For a poll to have any statistical value, the sample must be random. A selected sample (whether it's self-selecting, like an online poll, or selected by the moderation, like focus groups) has little to no statistical value, or relevance to the population as a whole.

There are various ways to increase the accuracy of a purely random sample though, and the most common and effective way is known as "stratification". Stratification relies on dividing the population (prior to selection of a random sample) by certain fixed and mutually exclusive demographic traits, and then randomly selecting samples of each strata in proportion to that strata's representation in the population as a whole.

For example, a pollster may divide the population as a whole into "Men" and "Women" - and then sample from each strata in proportion to the numbers of men and women in the population as a whole.

Now, from the complaints I've seen, people seem to think that the population should be stratified by political identification. This causes two major problems, statistically. First of all, the poll is meant to measure political opinion, which is not a fixed quantity. Trying to stratify according to the results that you want makes the entire poll meaningless. Secondly, stratification requires constant and immutable demographics in order to maintain it's statistical value. Political Identification and opinion are not constant, they change all the time.

When you see the Party Identification breakdown on a poll, those are results of the poll, not stratification. If a poll has 45% Democrats responding, that means that 45% of the randomly selected people identified as a Democrat while responding to the poll - not that they pre-selected a sample of 45% Democrats.
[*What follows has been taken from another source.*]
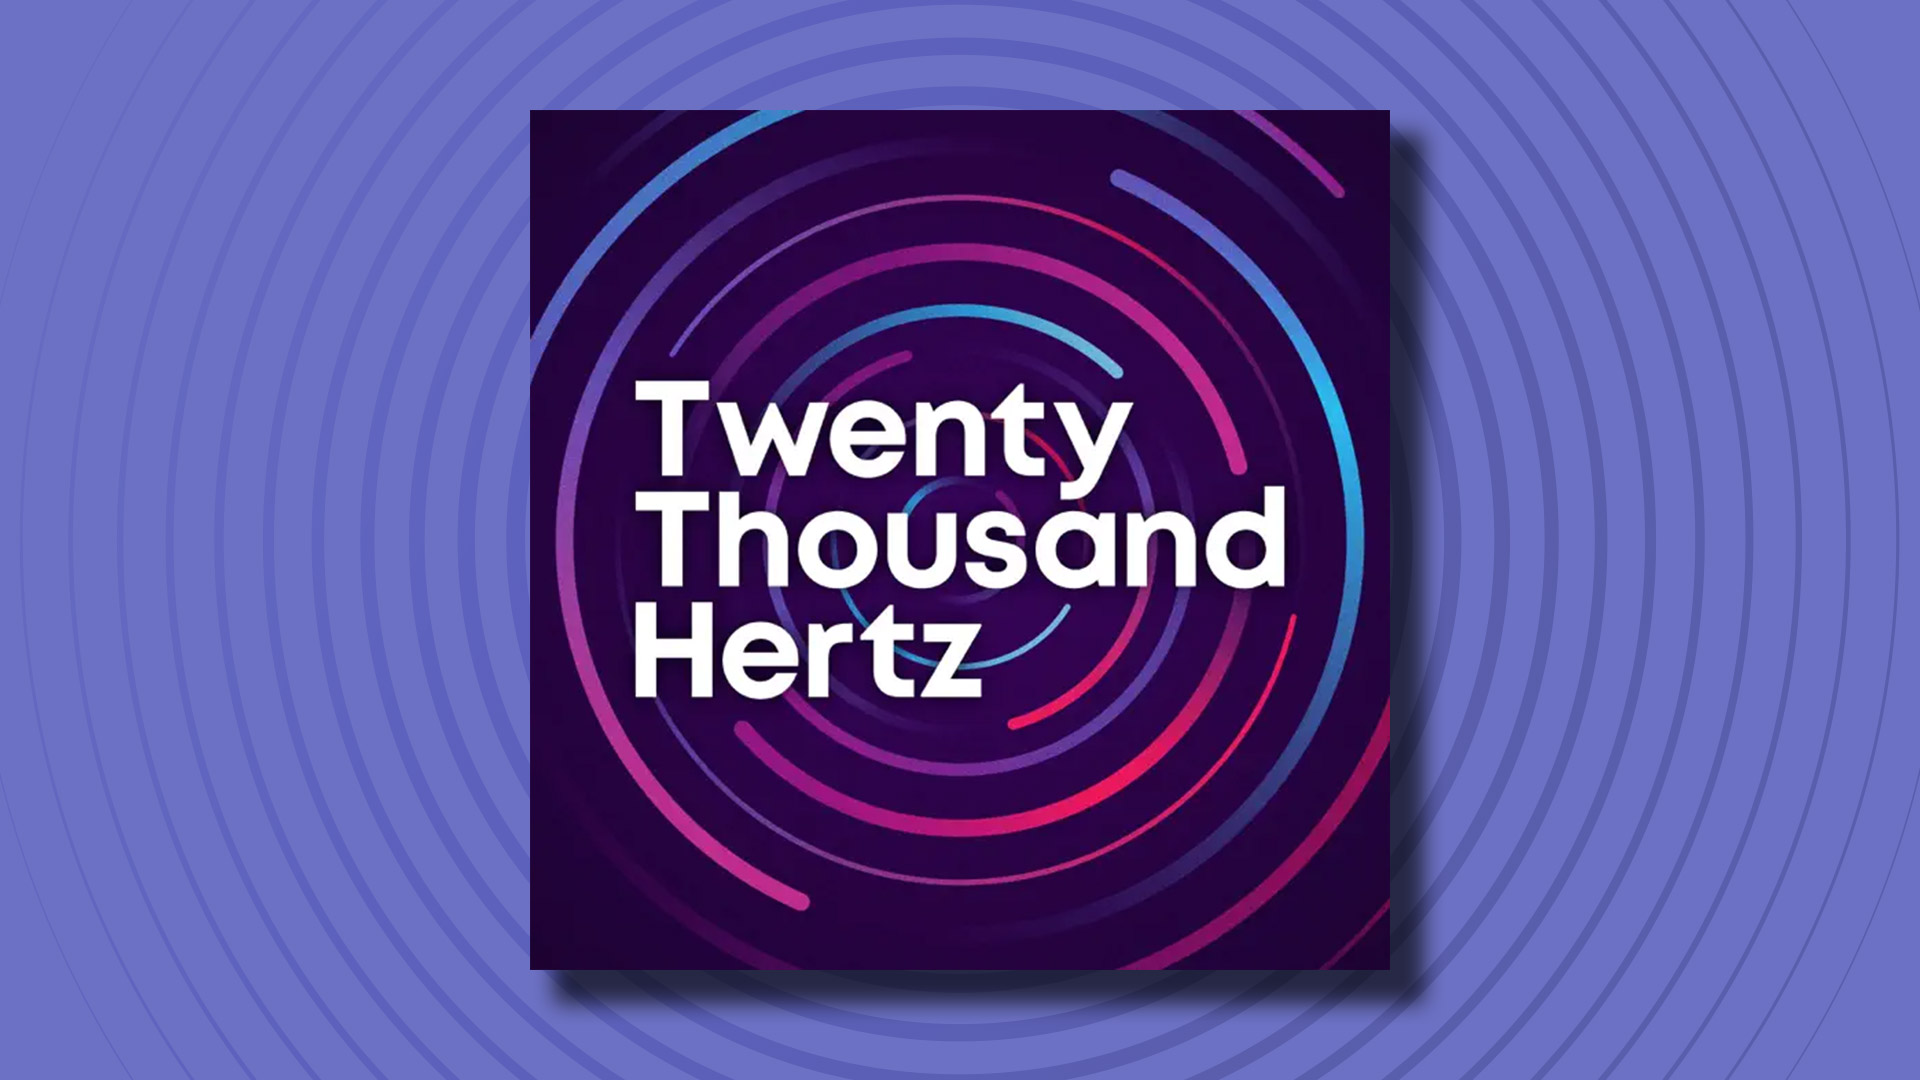 The logo of the Twenty Thousand Hertz podcast on a purple background
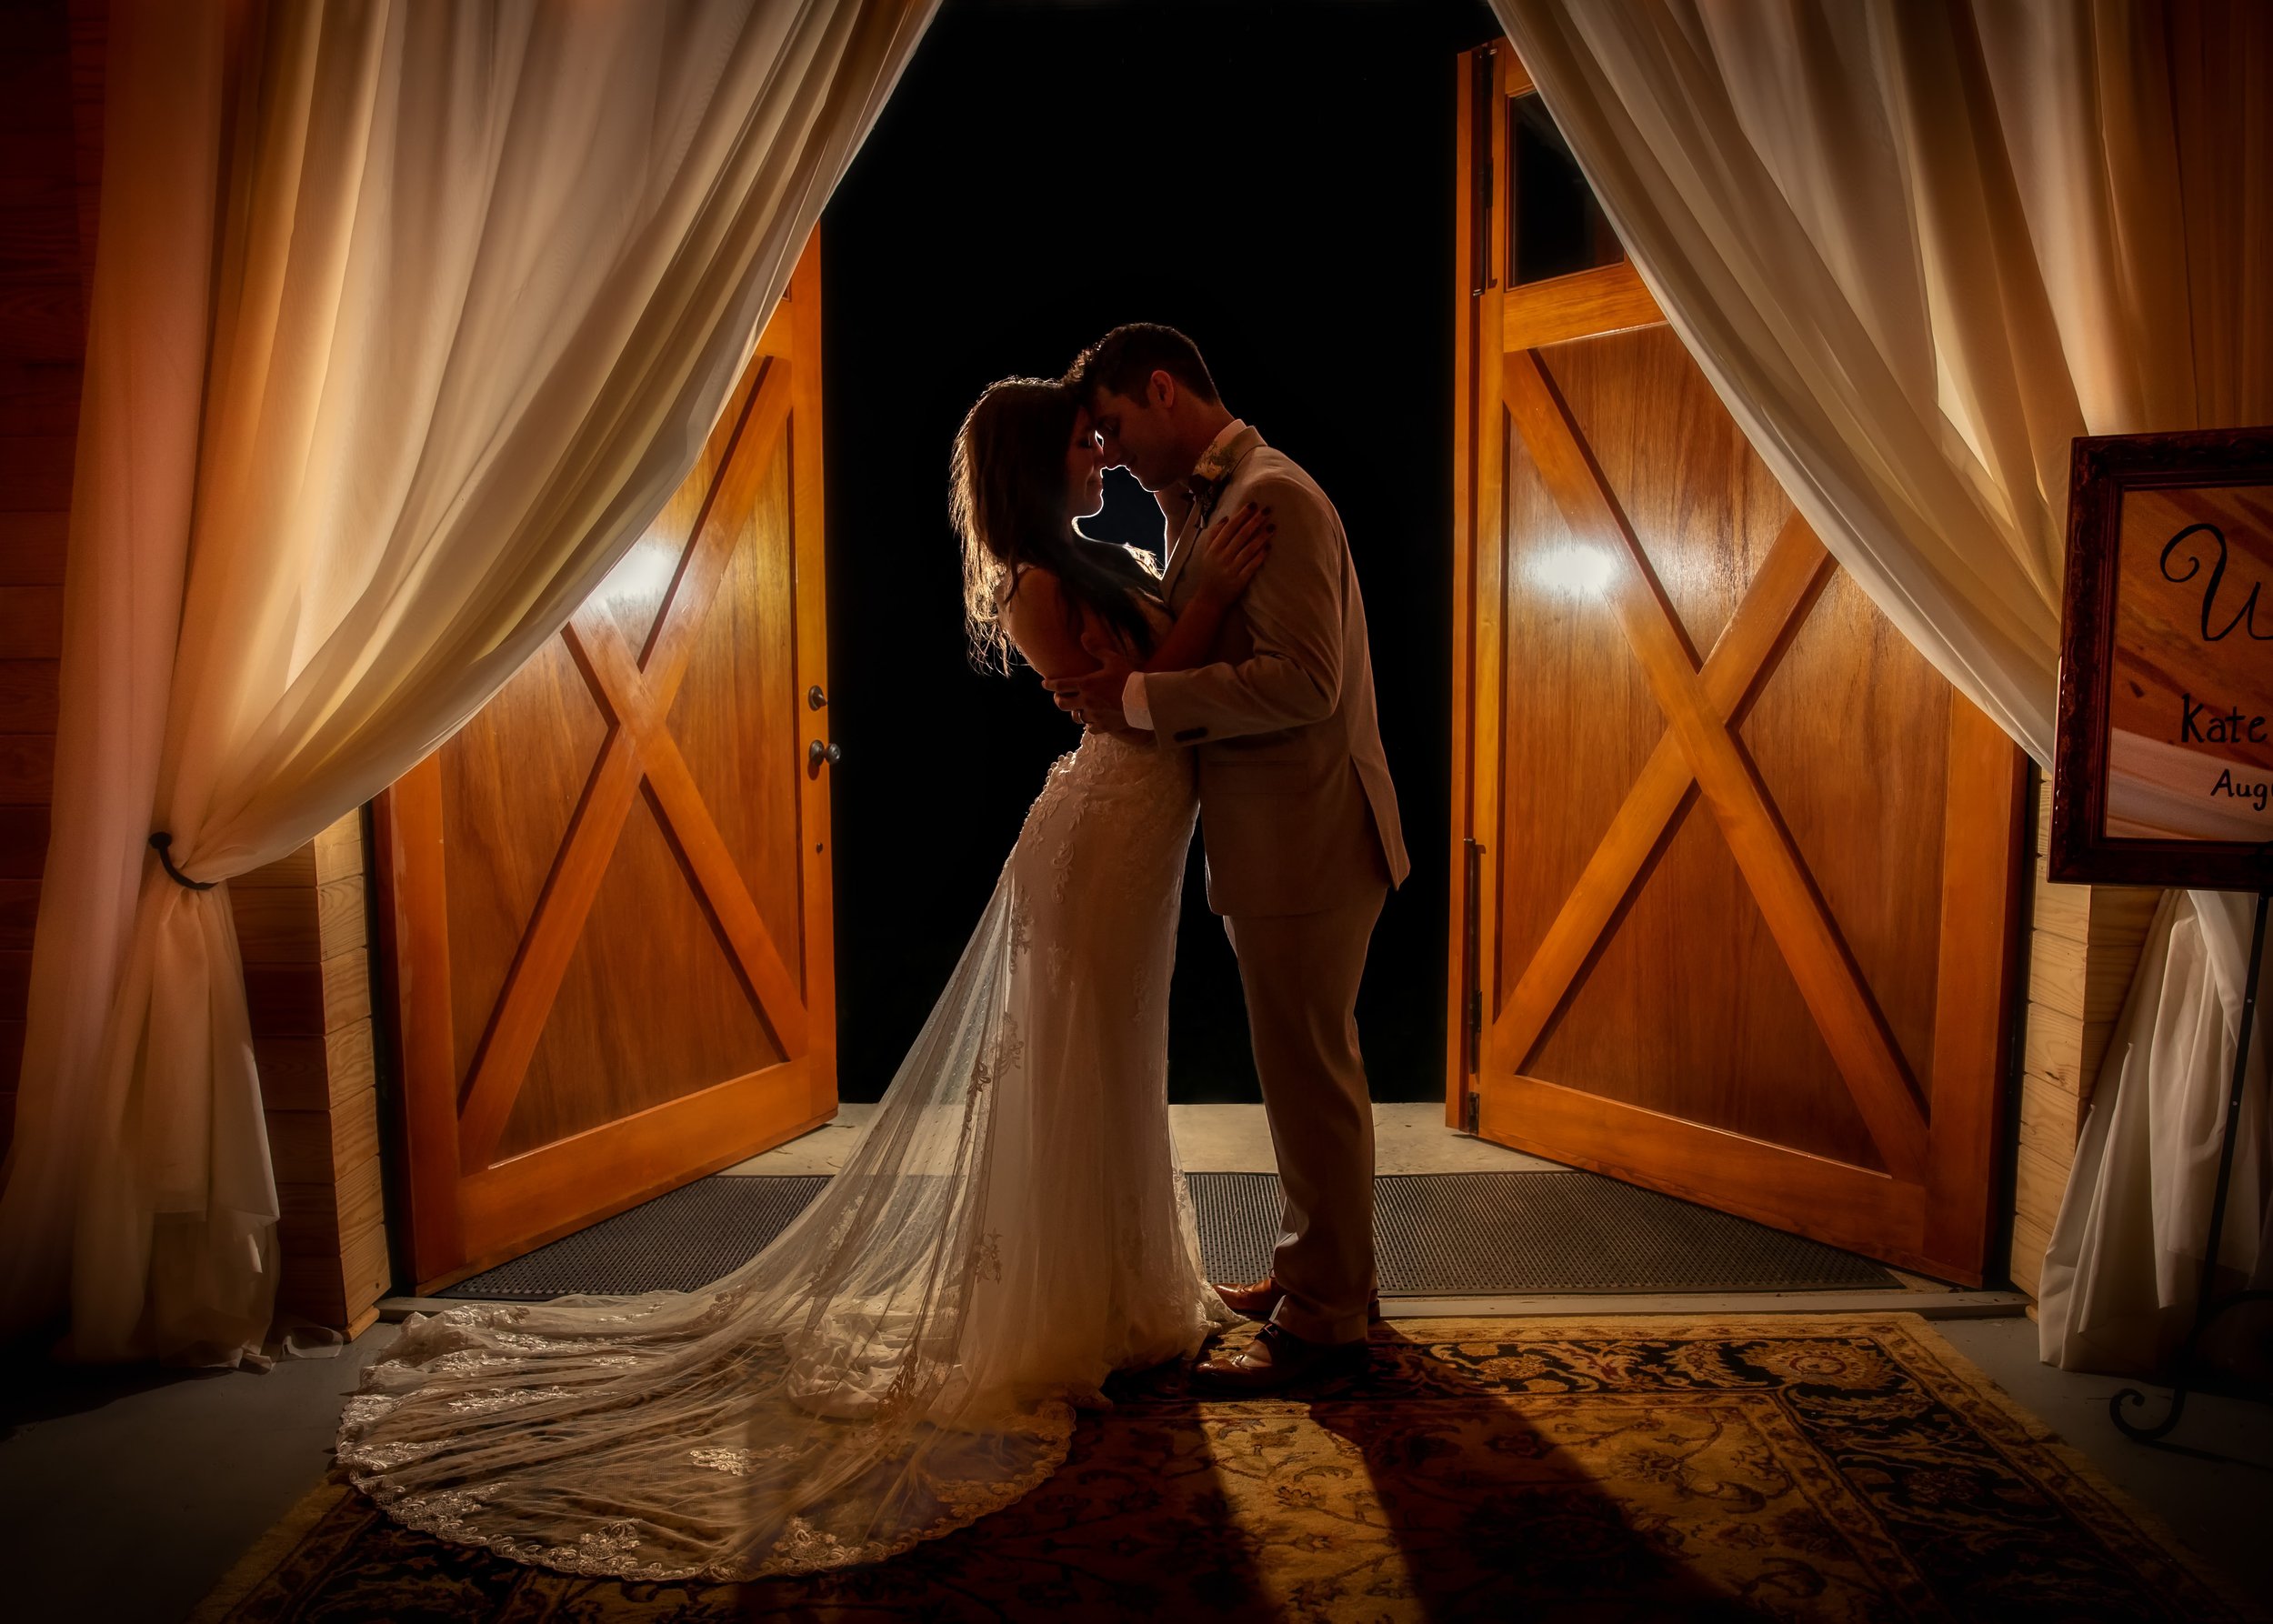 Wedding-Couple-Dramatic-Night-Pose-Curtains-Doors.jpg

All of the "unskewing" theories come from that misconception - and that's why they're all wrong, as we saw in 2012.
 
Very well put, of course, it is way over the head most of these hard partisan Trump supporters. Statistical analysis is a mathematical science that is often counter-intuitive and hard to grasp even for those who make an effort to understand it. Most of those who complain that polls are rigged could not even explain how a polling firm could rig polls and still stay in the polling business very long.